I don't have enough knowledge of the maths to be able to identify actual formulae. I know that a brush is defined by a series of planes, and each plane is defined by a 3-component normal vector and a distance, which I guess would satisfy the plane equation ax + by + cz + d = 0, but I couldn't be certain how the values are derived.

 

What about saving plane equations that are based on (0,0,0), just like the world brushes? If that's how they're stored internally, just skip the write-time mapping to the local func_static origin (and reverse read-time mapping back to (0,0,0)). A plane is a plane is a plane, regardless of where the world origin is.

 

But won't that result in the brushes being in the wrong place when loaded into the game?
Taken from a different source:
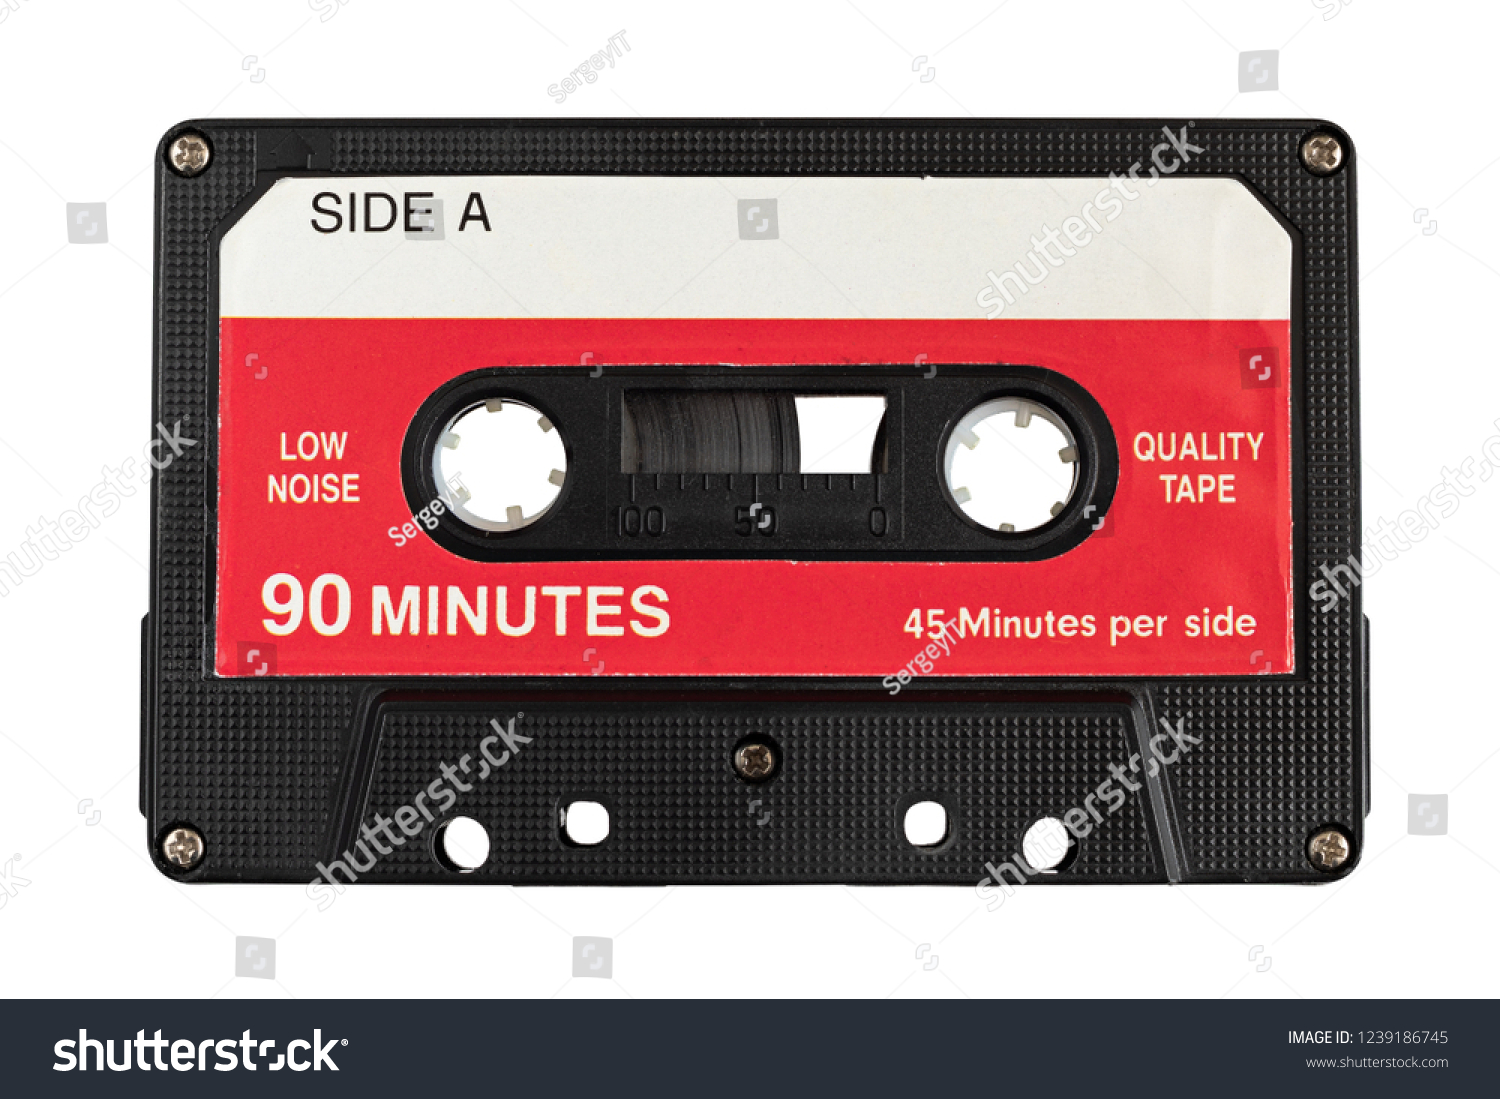 Audio cassette tape isolated, red and white colors #1239186745

I can disable the translation code and confirm that the results are identical on every save, but the distance values of each plane are different,e.g.

 

( 1 0 0 76 ) ( ( 0 -0.015625 3.3125 ) ( 0.015625 0 243.5615081787109 ) ) "textures/darkmod/wood/boards/old_worn_black" 0 0 0

 

becomes

 

( 1 0 0 -11820 ) ( ( 0 -0.015625 3.3125 ) ( 0.015625 0 243.5615081787109 ) ) "textures/darkmod/wood/boards/old_worn_black" 0 0 0

 

The numbers in the first parentheses are the normal vector followed by the distance, and we can see that the distance has changed substantially. I assume that the code transforms the planes into local object space because that is how Doom 3 is going to interpret them.

 

Or are you suggesting that the planes should be left in world space and the func_static origin set to (0, 0, 0)? I guess that would give the same end result, but the func_static's local origin would be lost when the map is reloaded, and mappers might be relying on this for something.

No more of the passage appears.